Bruce M. Owen (born October 13, 1943, in Worcester, Massachusetts) is an economist and author. Owen is the Morris M. Doyle Professor in Public Policy, Emeritus, in the School of Humanities and Sciences at Stanford University, and the Gordon Cain Senior Fellow, Emeritus, in Stanford's Institute for Economic Policy Research.

== Early life and education ==
Owen graduated with a BA from Williams College in 1965, where he was a merit scholar, and subsequently earned his PhD in Economics from Stanford University in 1970. At Stanford, Owen was a Woodrow Wilson fellow, National Defense Education Act Title IV fellow, and Brookings Institution Economic Policy fellow.

== Career ==
Owen acted as chief economist in the White House Office of Telecommunications Policy in 1971 before returning to Stanford University in 1973 to serve as assistant professor of economics.
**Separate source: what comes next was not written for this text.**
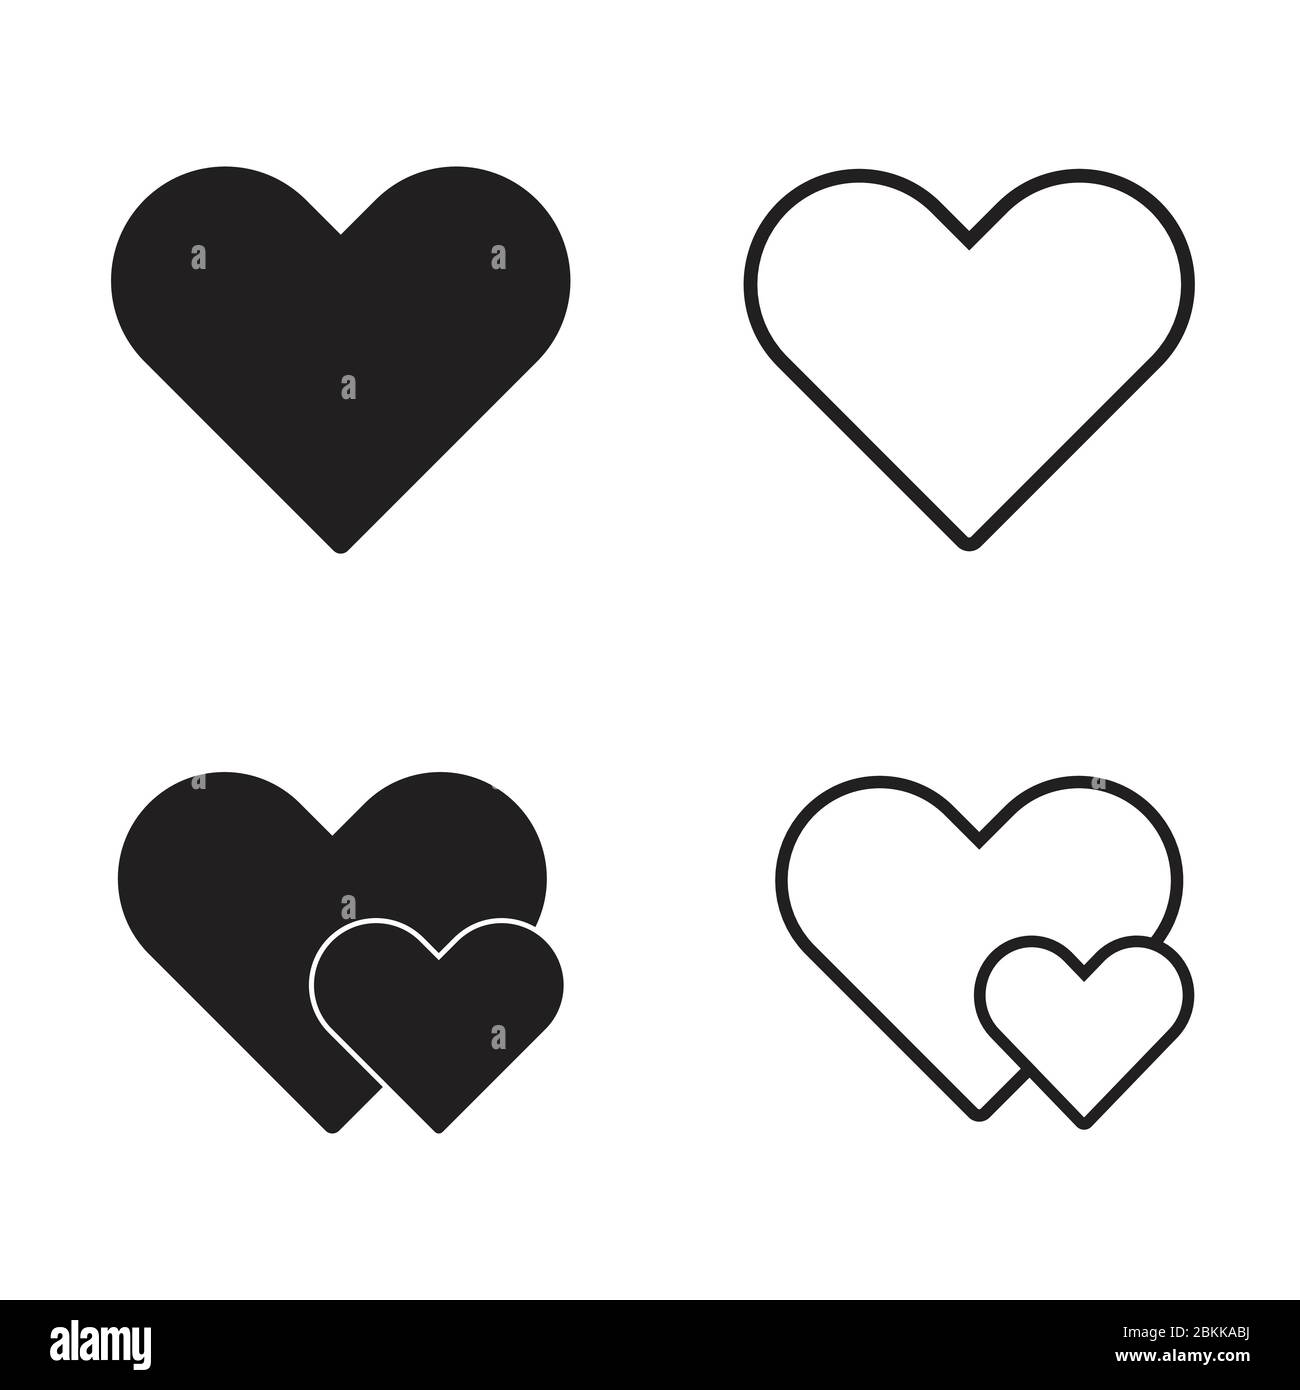 https://c8.alamy.com/comp/2BKKABJ/heart-shape-a-set-of-four-different-heart-love-shapes-isolated-on-a-white-background-eps-vector-2BKKABJ.jpg

From 1974 to 1975, Owen was a Hoover Institution national fellow.

In 1978, Owen moved to Chapel Hill, North Carolina, where he briefly taught at Duke University as associate professor of business and law. During this time, Owen was an Aspen Institute for Humanistic Studies fellow and chairman of the task force on the future of the United States Postal Service.
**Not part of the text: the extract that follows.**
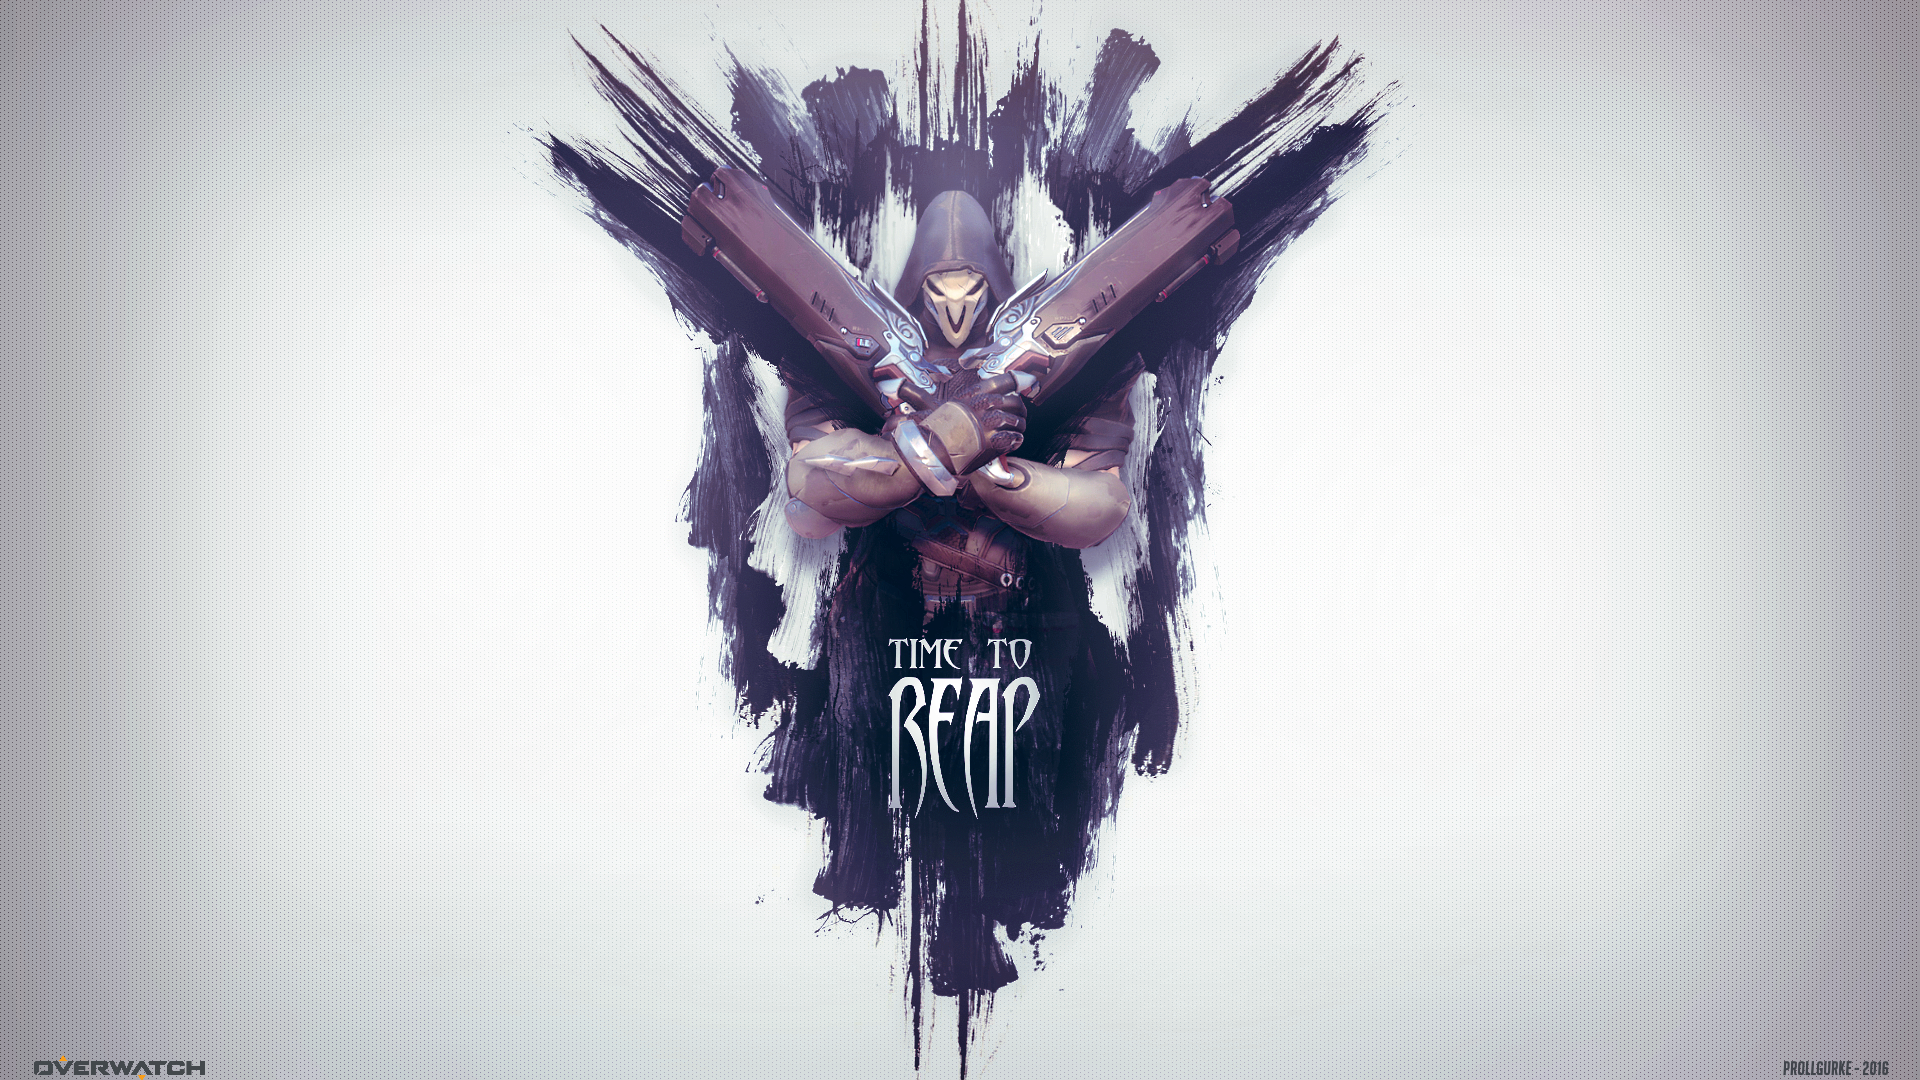 Reaper Overwatch Hd Wallpaper Background Image 19x1080

In 1979, Owen became chief economist of the Antitrust Division of the United States Department of Justice, where he played a key role in the ultimate deregulation of AT&T. During the landmark trial of the breakup of AT&T (American Telephone & Telegraph), Owen testified as the Chief Economist of the US Justice Department. He presented compelling economic analysis that AT&T was in violation of the Sherman Antitrust Act. The outcome of the trial was that AT&T was indeed a monopoly and Judge Greene ordered that AT&T therefore must allow competitors into the communication industry. From that point on, the prices of telecommunications fell, not only for governments and businesses, but for the average telephone user around the world.

Owen entered the private sector with the 1981 co-founding of Economists Incorporated, a consulting firm. He served as president and chairman of the board of the company until his retirement in 2003. During this time, Owen also taught an undergraduate seminar on economic analysis of law at Stanford's Washington, D.C. campus from 1989 to 2002. Economists Incorporated is now a division of Secretariate.
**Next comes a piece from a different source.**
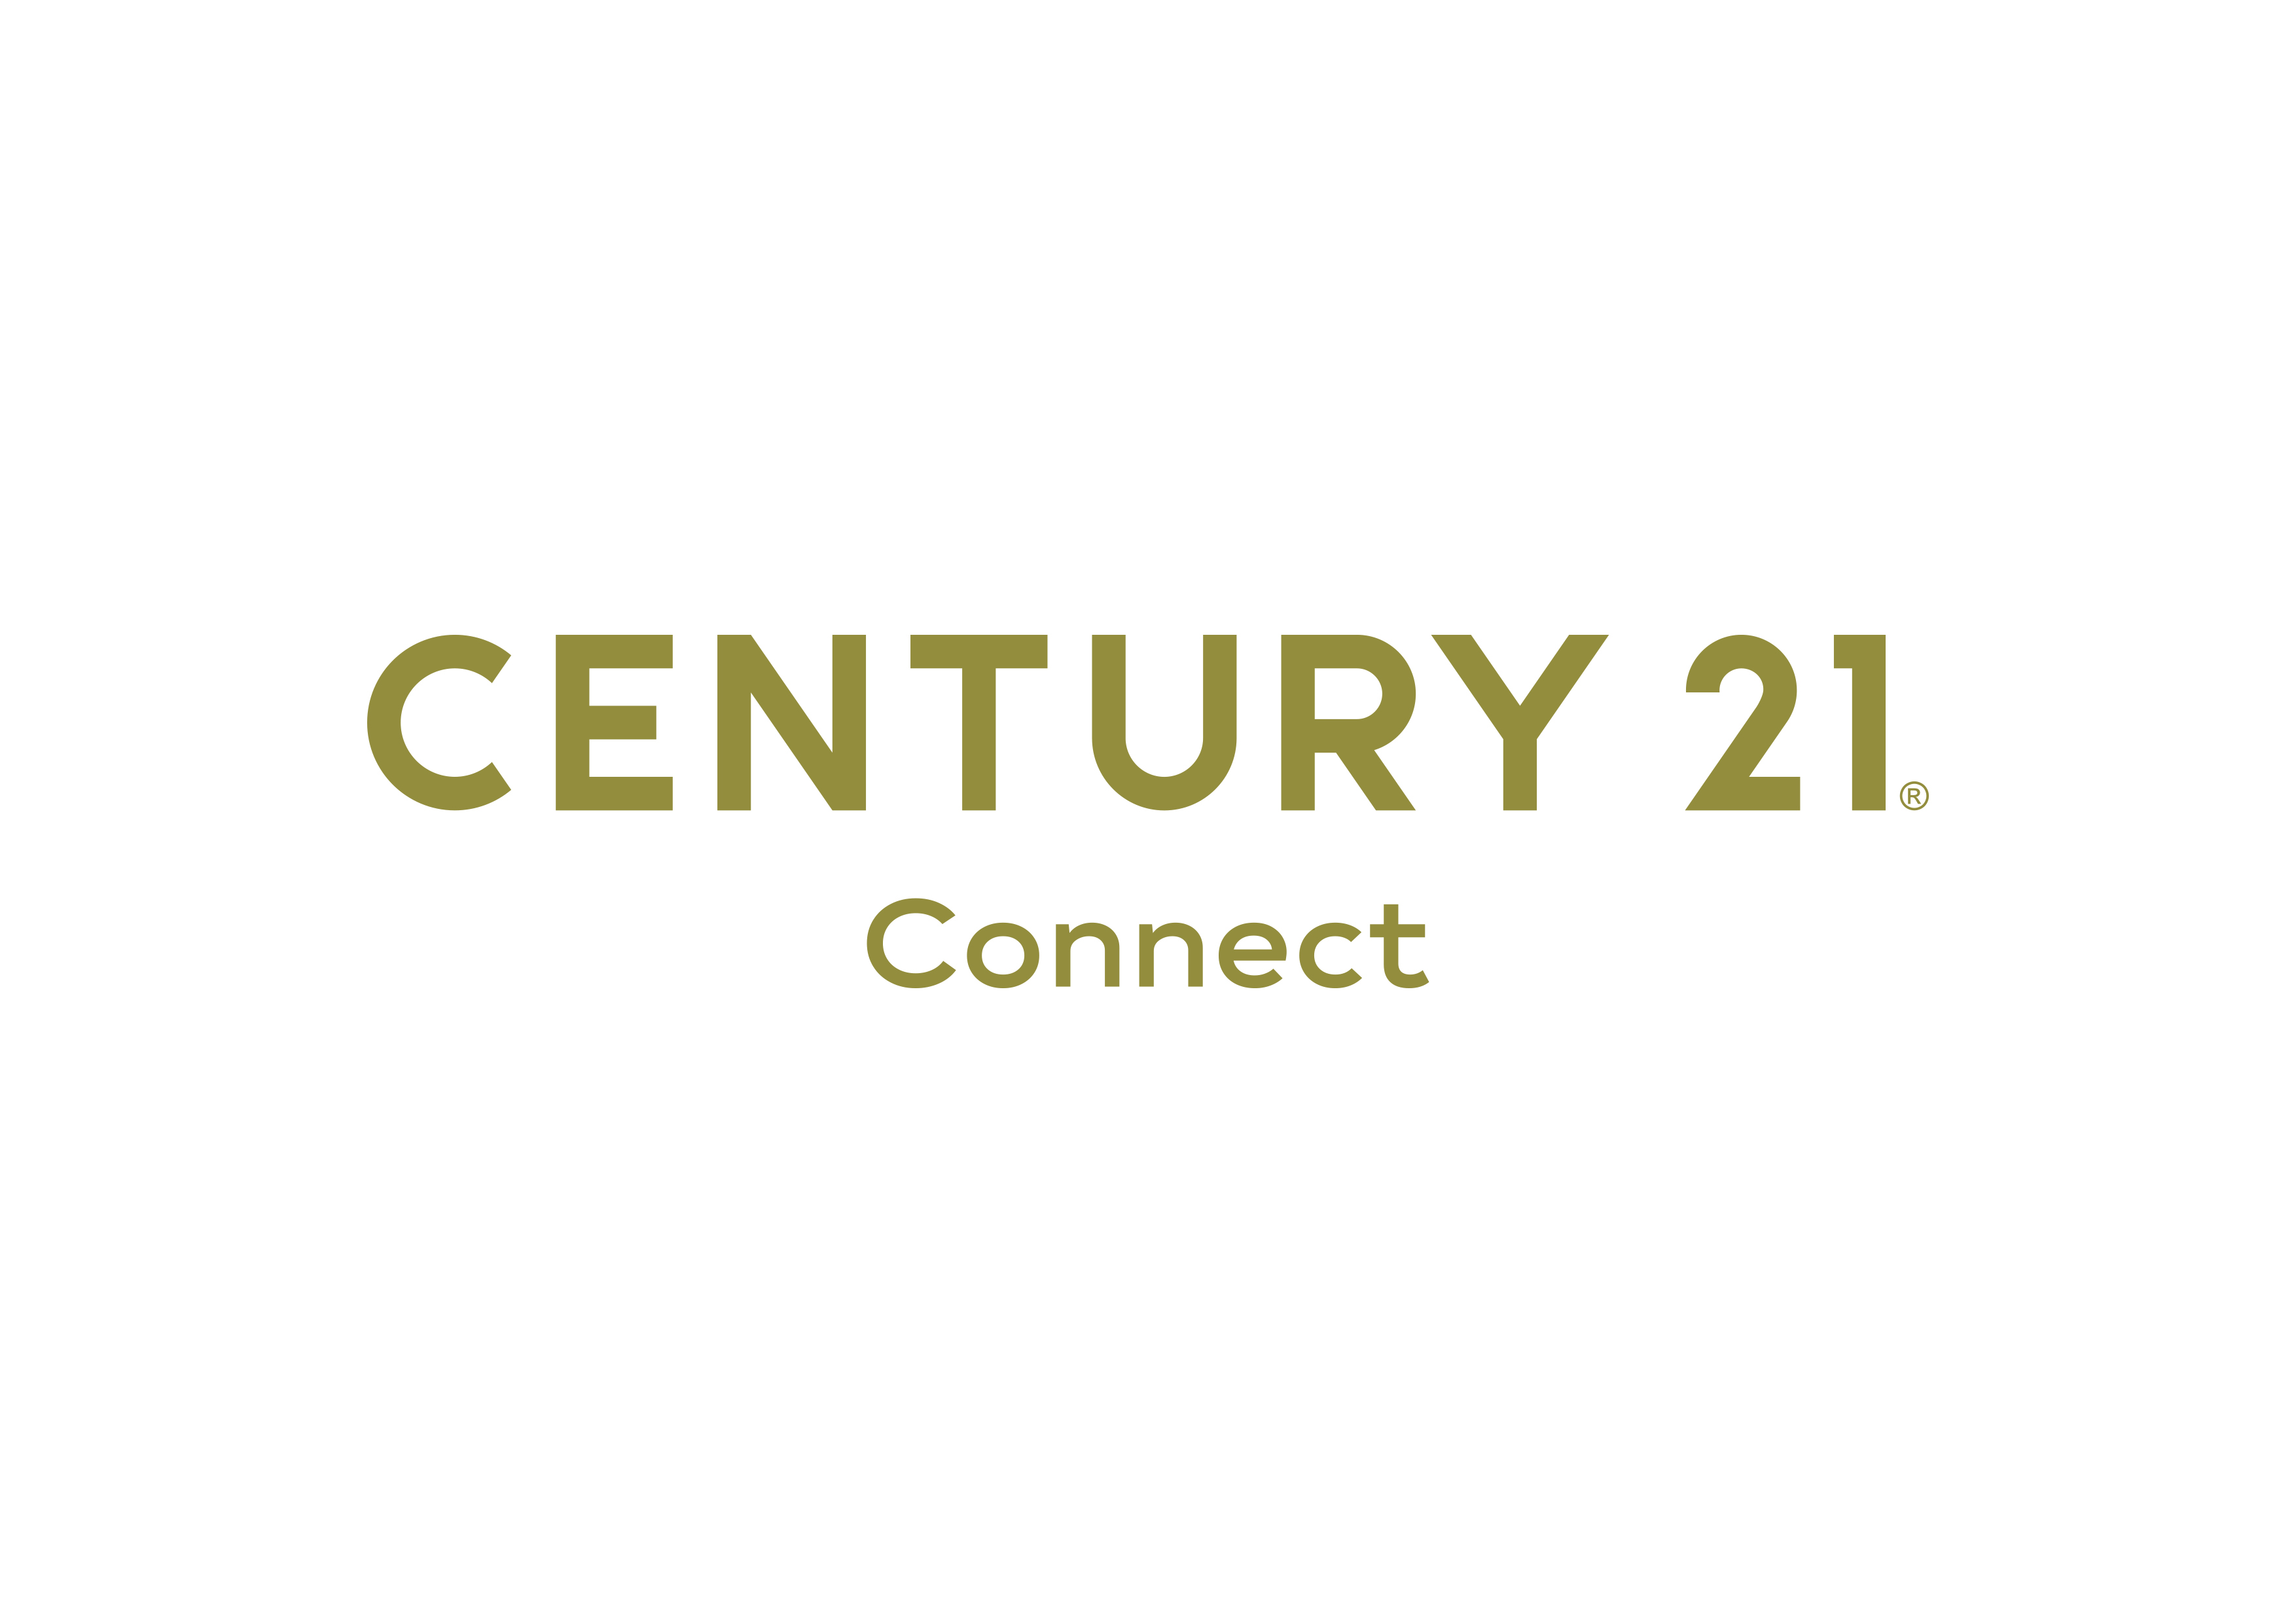 Century 21 Connect

Owen served as the Gordon Cain Senior Fellow at the Stanford Institute for Economic Policy Research (SIEPR) from 2003 - 2015 and as the Morris M. Doyle Professor of Public Policy and Director of the Public Policy Program at Stanford from 2005 - 2015. He proposed and oversaw the addition of a Masters degree offering in the program.

Owen is a member of the American Economic Association, the Econometric Society, the American Law and Economics Association, an associate of the American Bar Association, and a consultant to the World Bank.

== Books ==
- Television Economics (1974)
- Economics and Freedom of Expression (1975)
- The Regulation Game (1978)
- The Political Economy of Deregulation (1983)
- Video Economics (1992)
- Electric Utility Mergers: Principles of Antitrust Analysis (1994)
- The Economics of a Disaster: The Exxon Valdez Oil Spill (1995)
- The Internet Challenge to Television (1999)
- Madison's Missing Branch: How Americans Can Reduce Their Pain From Political Corruption in Washington (Kindle) 2021

== Personal life ==
Owen is married to Josetta Owen and has two adult children, Bradford Kelly (born 1974), and Peter Brandon (born 1969).